Sunday: Actor Debra Ehrhardt (pictured), Jamaica's answer to Halle Berry, is much more than a beautiful actor. She also is a writer. When Ehrhardt decamped for a career in Hollywood years ago, she found that her syncopated accent was a block to getting high-profile roles. Ehrhardt decided to explore her family and heritage, and has written three plays. Director Joel Zwick ("My Big Fat Greek Wedding"), staged "Jamaica Farewell," Ehrhardt's one-person one-act about her dramatic escape from her home country during the 1970s political crisis. The play has been optioned by Tom Hanks' production company. "This story, with my alcoholic father, my religious mother, is something that nearly everyone can relate to," she said. "I draw from my life, but it's a story about our shared humanity." (4 p.m. Sun., Hopkins Center for the Arts, 1111 Mainstreet, Hopkins, $35, 952-979-1100 or hopkinsartscenter.com.)


Opens Friday: The festival kicks off Friday with Alaskan transgender performing artist Scott Turner Schofield's "Becoming a Man in 127 Easy Steps." Schofield lets the audience choose the stories that will be told. (7:30 p.m. Fri.-Sat., Ritz Theater, 345 13th Av. NE., Mpls.) The festival also includes poet and essayist Ryka Aoki de la Cruz's self-created "In Search of Geishaghost." (7:30 p.m. Sun., Pangea World Theater Studio, 711 W. Lake St., Mpls.), plus three shows at Intermedia Arts: Tamil/Sri Lankan-American activist and provocateur D'Lo's "D'FUNQT"; "Shaking Our Shells: Stories From On the Wings of Wadaduga," a history-based show about "Cherokee ... GLBTQ memories" written and performed by Qwo-Li Driskill; and "Outside the Circle," a play about seduction written and performed by Andrea Assaf and Samuel Valdez. ("D'FUNQT" is at 7:30 p.m. Wed.-Thu., "Outside the Circle," 7:30 p.m. next Fri.-Sat., "Shaking Our Shells," 7:30 p.m. Nov. 18 & 19, Intermedia Arts, 2822 Lyndale Av. S., Mpls. Tickets: $15 per show or $75 for the whole festival. www.brownpapertickets.com.)



Opens Friday: Playwright Rhiana Yazzie's New Native Theatre has teamed up with Bedlam Theatre for what is being described as "the first all-Native American musical" in Minnesota. The show is a Mayan calendar-inspired, end-of-world comedy set at a New Year's Eve powwow on Franklin Avenue in Minneapolis. It is co-directed by Maren Ward and Yazzie, a Navajo. "We're celebrating that little-known secret, that Native people are very funny," said Yazzie. (7:30 p.m. Fri.-Sat. and Wed.-Thu. Ends Nov. 18. Heart of the Beast Puppet and Mask Theatre, 1500 E. Lake St., Mpls., $15, 612-721-2535 or www.brownpapertickets.com.)

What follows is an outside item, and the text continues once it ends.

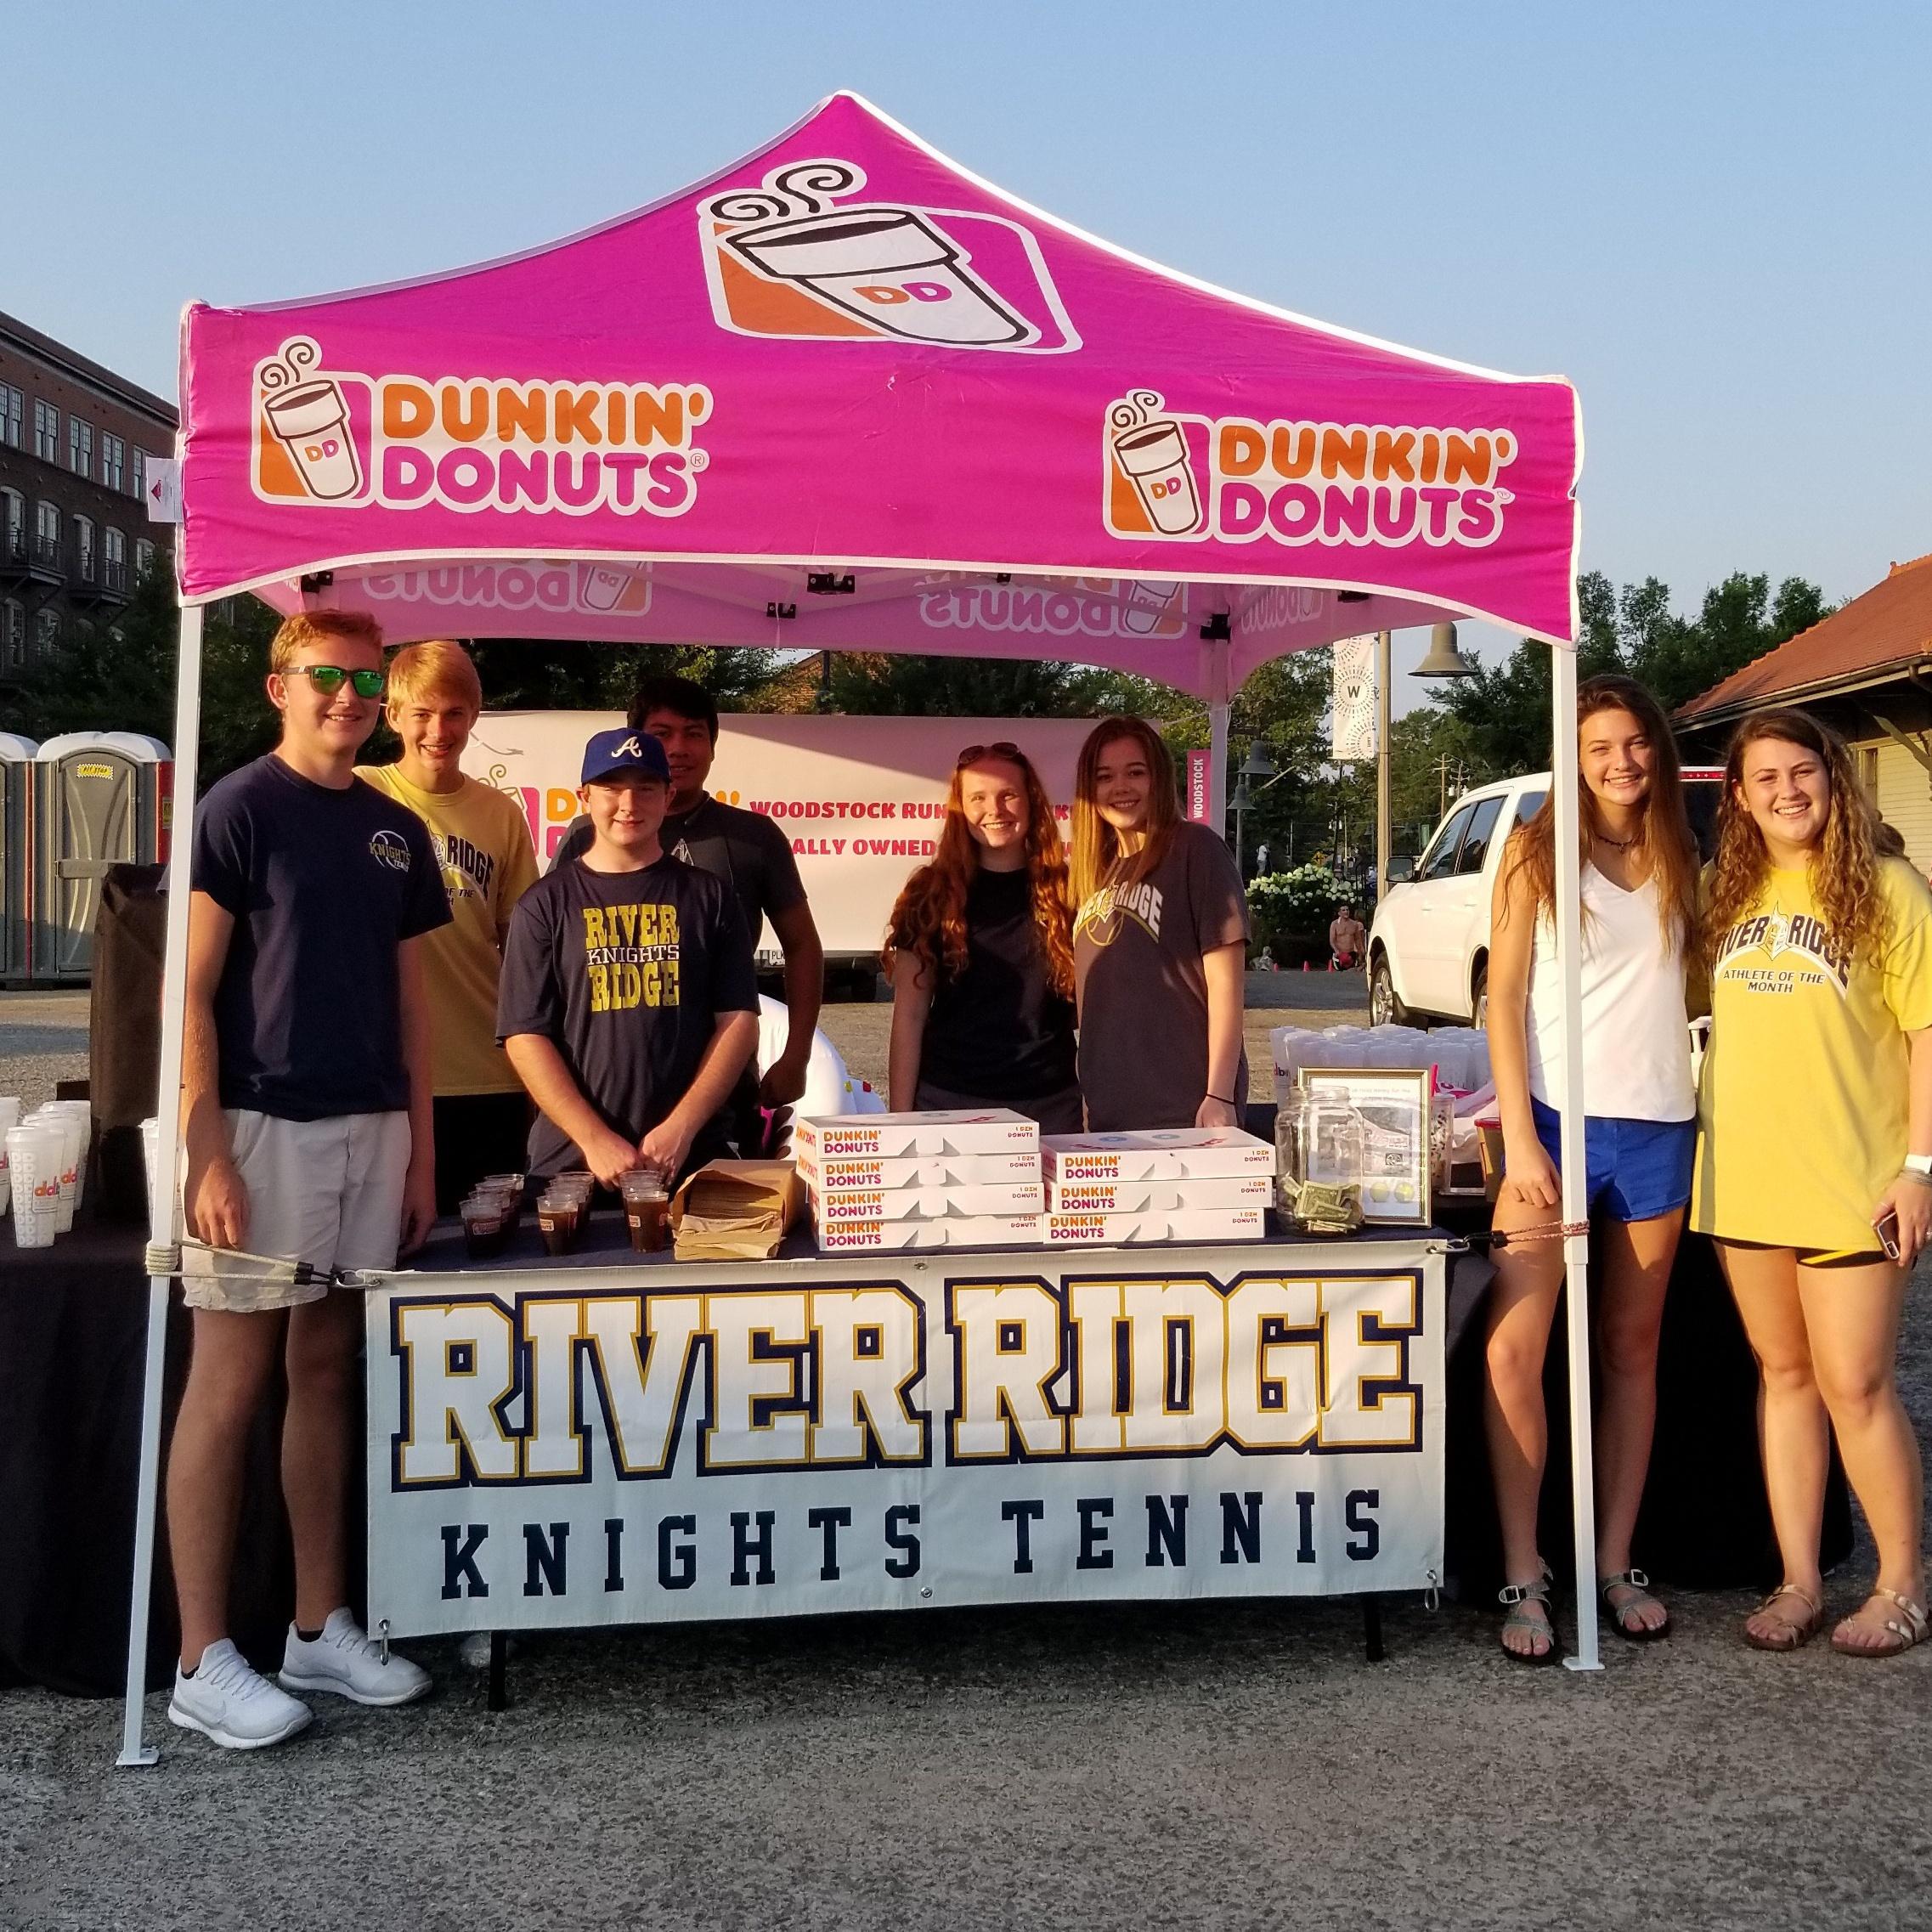 Knights Tennis Dunkin' Spirit Night Wednesday, October 17th from 4-7 p.m.

Friday-Saturday: Justin Leaf is a longtime member of Minnesota Dance Theatre who pines for the cabaret stage, which led him to a 2007 Sage award for "Broadway Bound ... and Gagged." With his Junkyard Theater, Leaf has given the world the divine Mistress Ginger. This weekend Leaf plans a new direction in his show "Don't Rain on My Panda Bear!" He'll be singing tunes from Kurt Weill, Bob Dylan, Tracy Chapman, Blossom Dearie and more, accompanied by ace jazz pianist George Maurer and, yes, a dancing panda. Expect Ginger to crash the show. (10 p.m. Fri. & Sat. $10-$15. Bryant-Lake Bowl, 810 W. Lake St., Mpls. 612-825-8949, www.bryantlakebowl.com.)